Find the line with "Clinical Results" in the entries below, then output every line from it down to the line with "Relax in our", exactly and with no pictures.

**TASK INPUTS:**
BEGIN

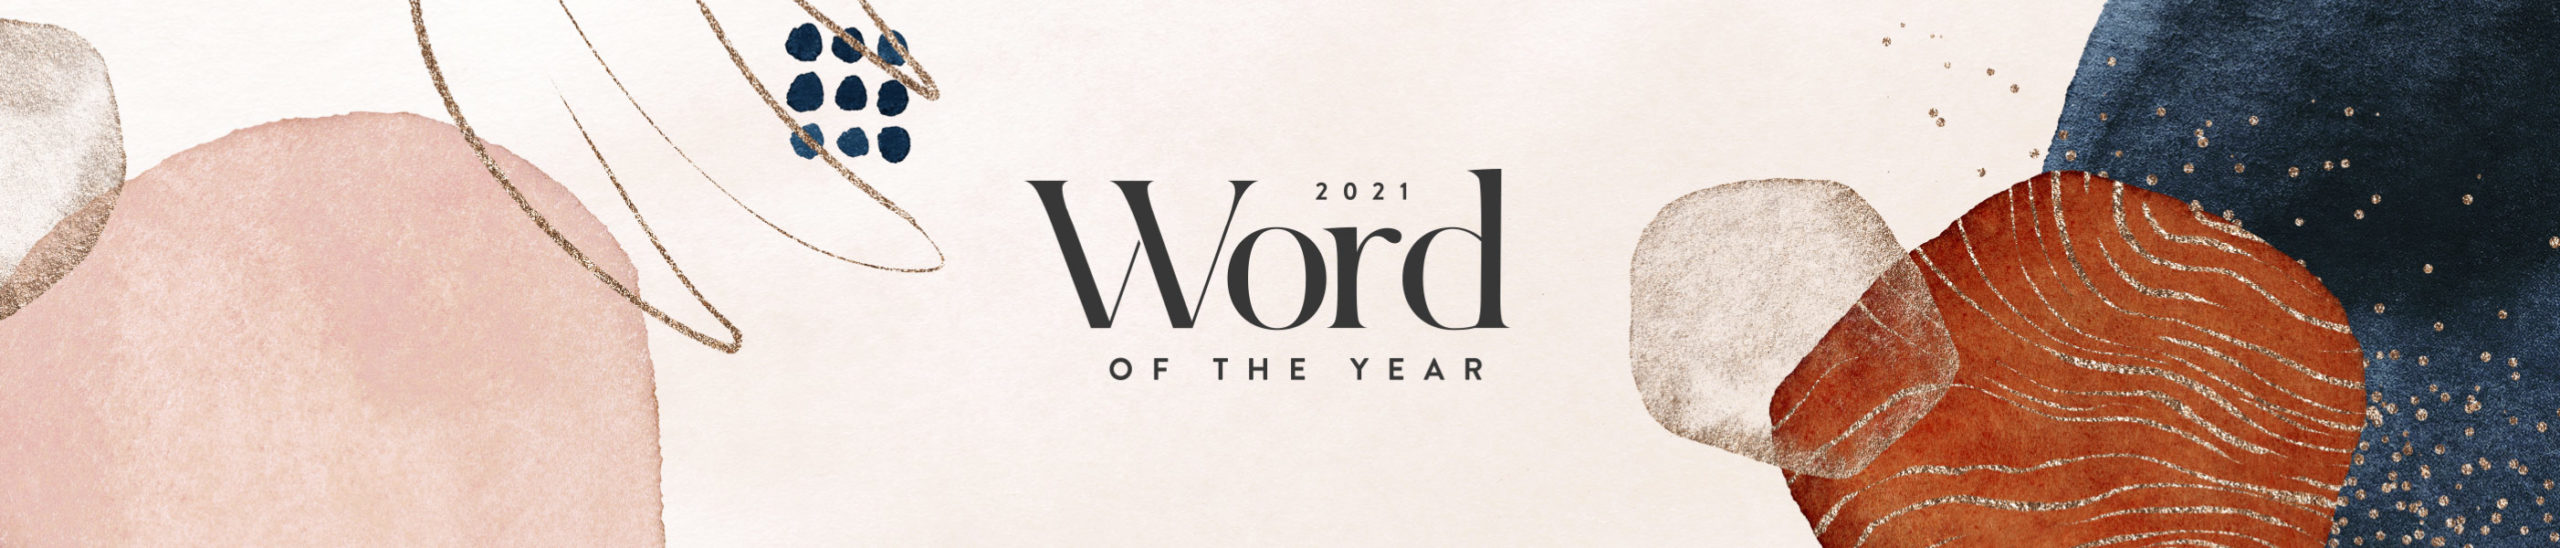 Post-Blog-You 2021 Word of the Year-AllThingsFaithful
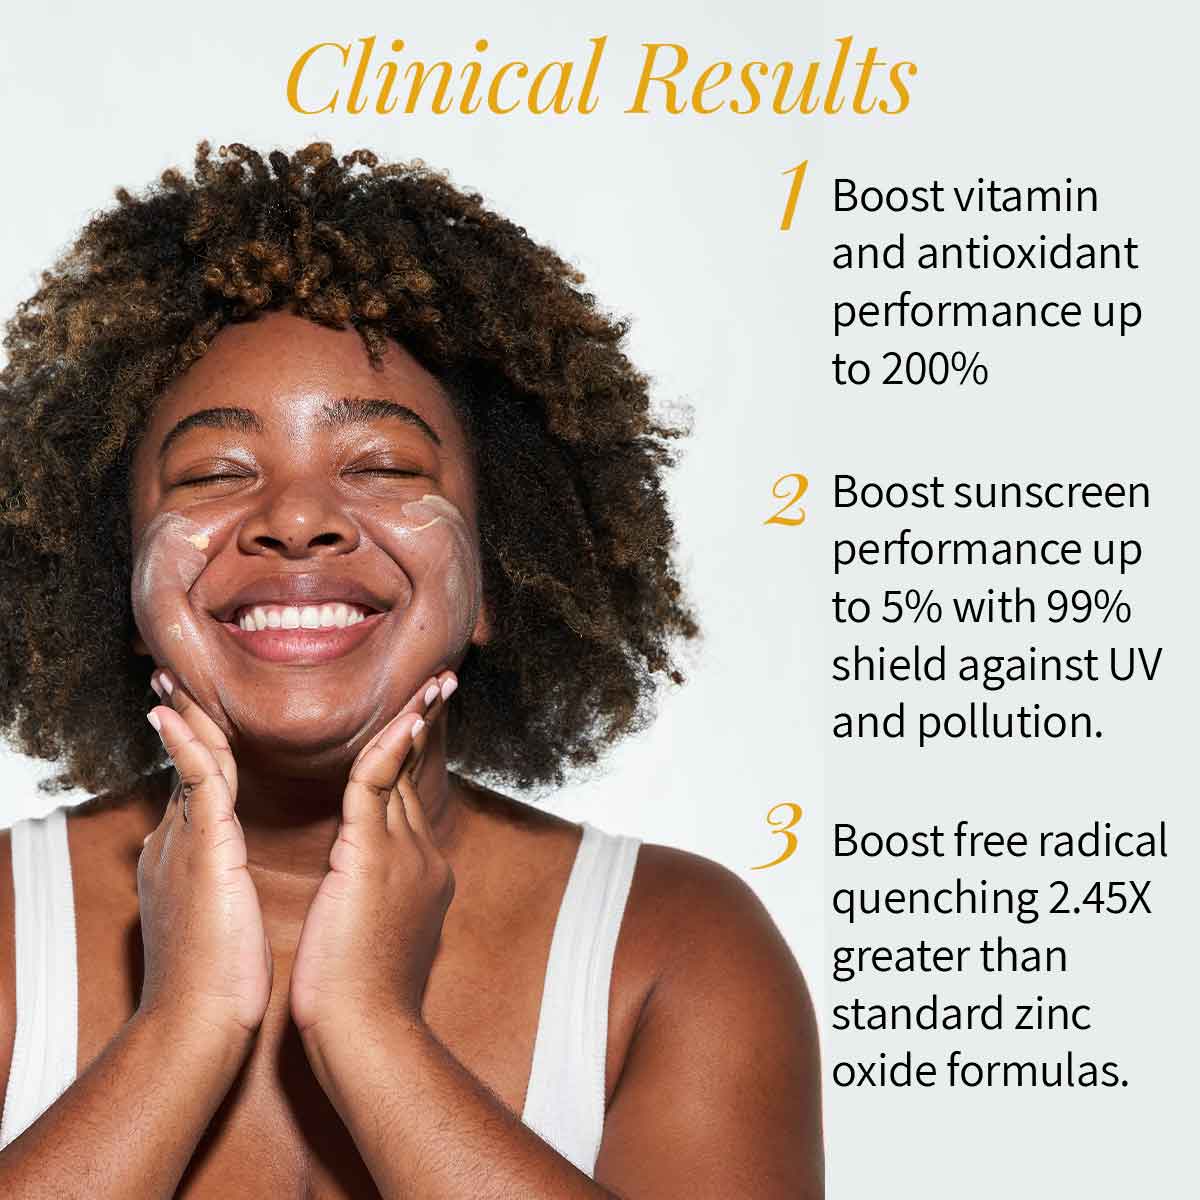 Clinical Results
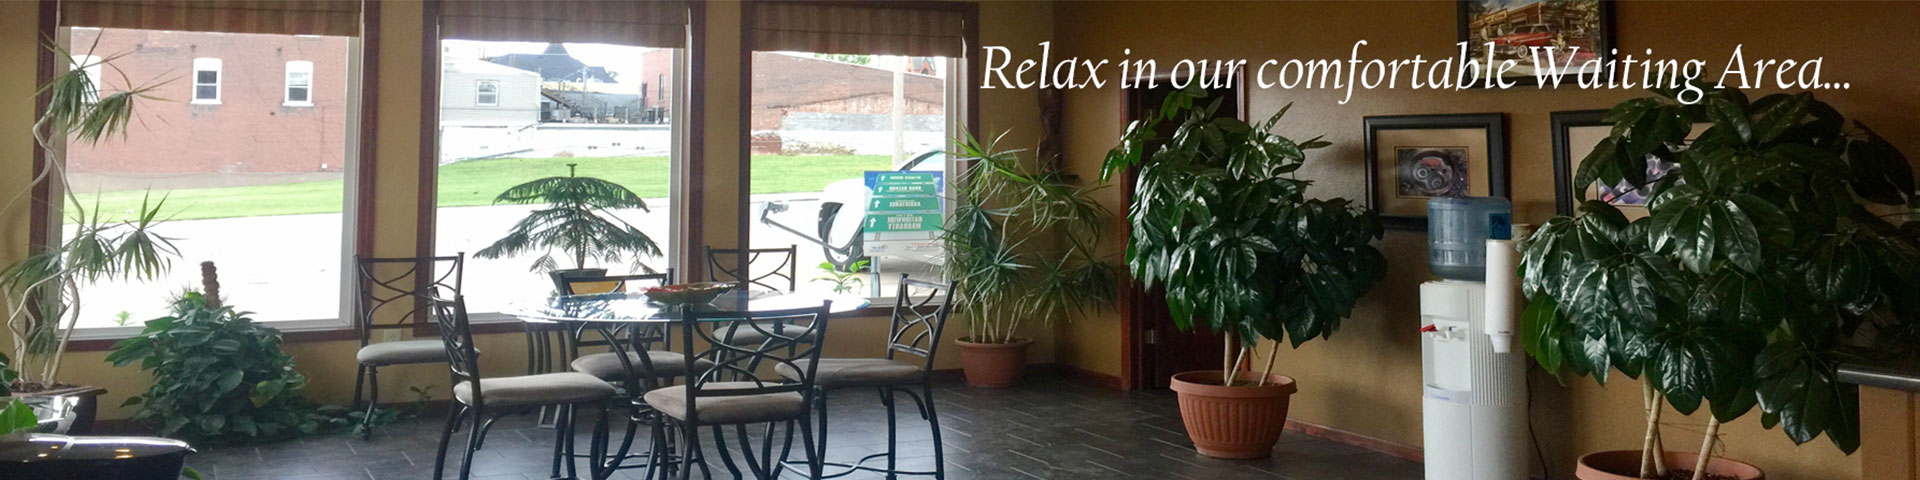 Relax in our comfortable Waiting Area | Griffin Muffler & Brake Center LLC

END
BEGIN

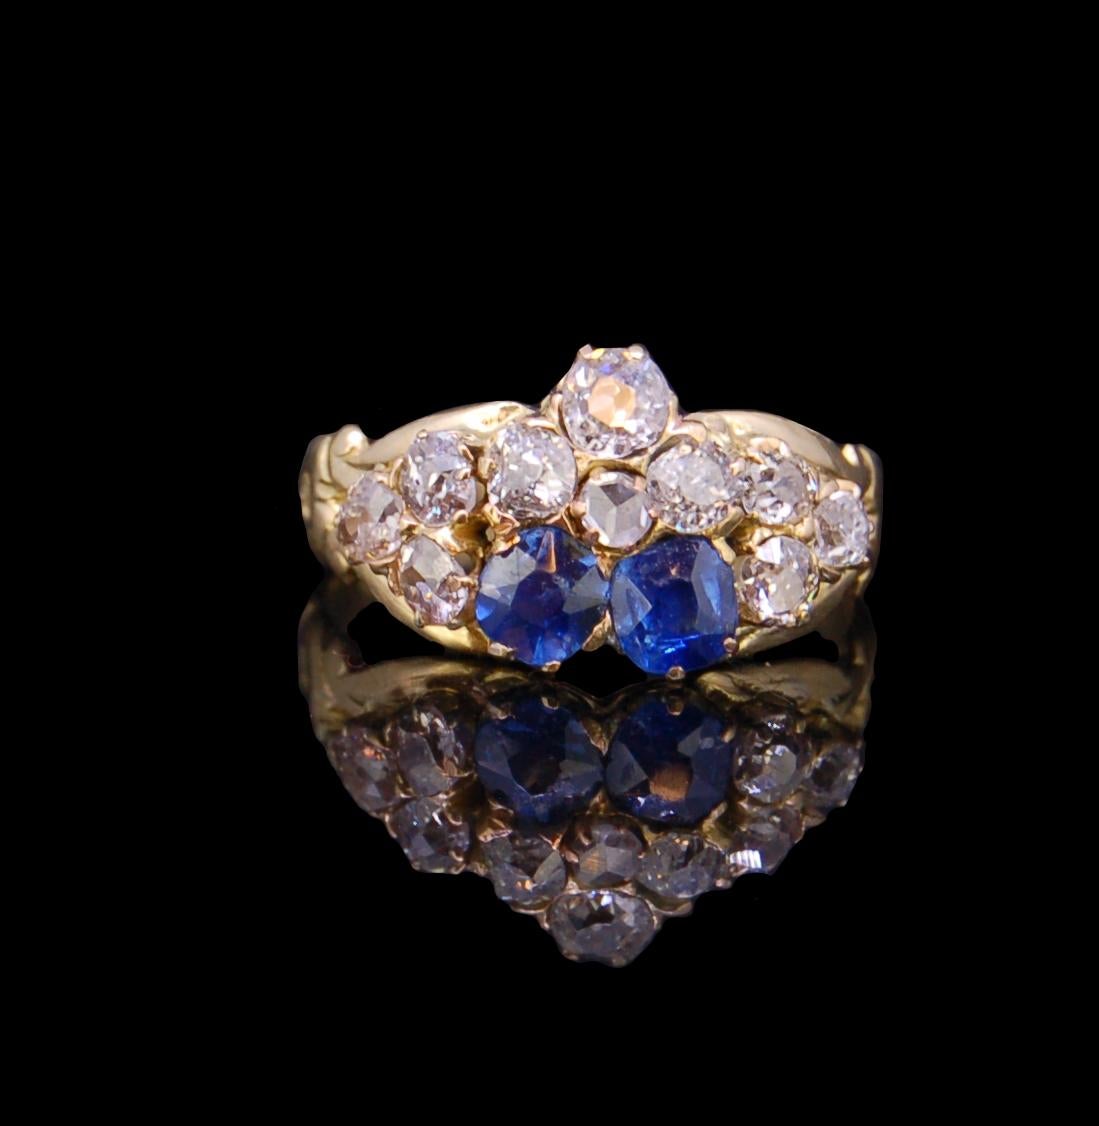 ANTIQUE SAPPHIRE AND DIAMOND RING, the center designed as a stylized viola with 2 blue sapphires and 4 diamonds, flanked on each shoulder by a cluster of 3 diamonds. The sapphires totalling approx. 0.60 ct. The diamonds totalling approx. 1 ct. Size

END

**REPLY TO THE TASK:**
 Clinical Results
 Relax in our comfortable Waiting Area | Griffin Muffler & Brake Center LLC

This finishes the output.